2 thoughts on ““We can be good even where we’re not perfect”

  1. While it’s certainly great that the vulnerability was addressed that quickly, I think knocking “Patch Tuesday” in the same breath is unfair. A later post of yours does not put the two ideas together, but the entire reason Microsoft went from ‘patching whenever an issue arose’ to ‘patching on the second Tuesday of the month’ was to offer consistency to sysadmins the world over. If you’re responsible for thousands of computers, and need to *test* the patches before deploying them to workstations, you need to work on a schedule. I may not love everything Microsoft does, but this was a very good one. Picture all that user rage about frequent Fx updates, and channel that to dozens of MS security updates a year. Microsoft does still do ‘out of band’ updates when vulnerabilities are severe, and seems to have a roughly 5 day turnaround on that.

    Policy matters aside, that was indeed great work by RelEng.

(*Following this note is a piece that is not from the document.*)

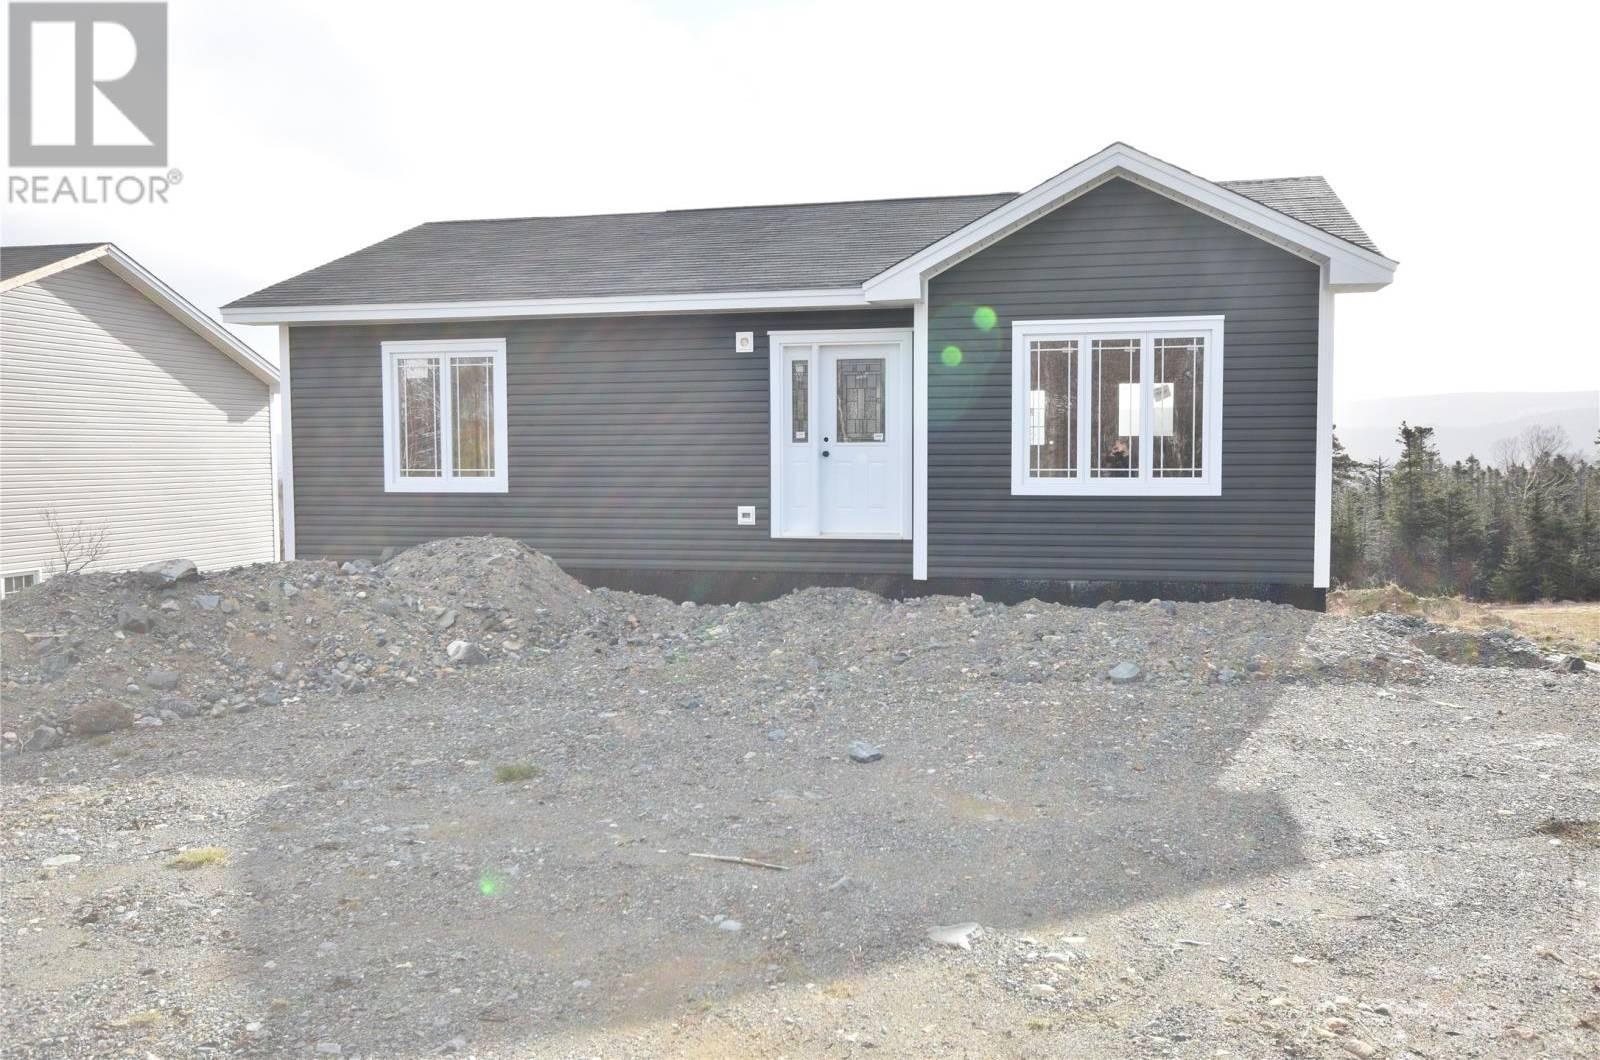 House for sale at 31 Farmland Ln Conception Bay South Newfoundland - MLS: 1209162

I’m just trying to highlight the sysadmin side of the equation, which I fear Mozilla ignores.

  2. Gerv, full agreement here. Kudos to everyone helping to react so speedily, from those who investigated, found and fixed the bug to release management, engineering and QA. We’ve come a long way in that regard.

    That said, while we already made some great efforts to reduce attack surface for as-yet-unknown vulnerabilities, I think that incident has taught us that we need to become even better there.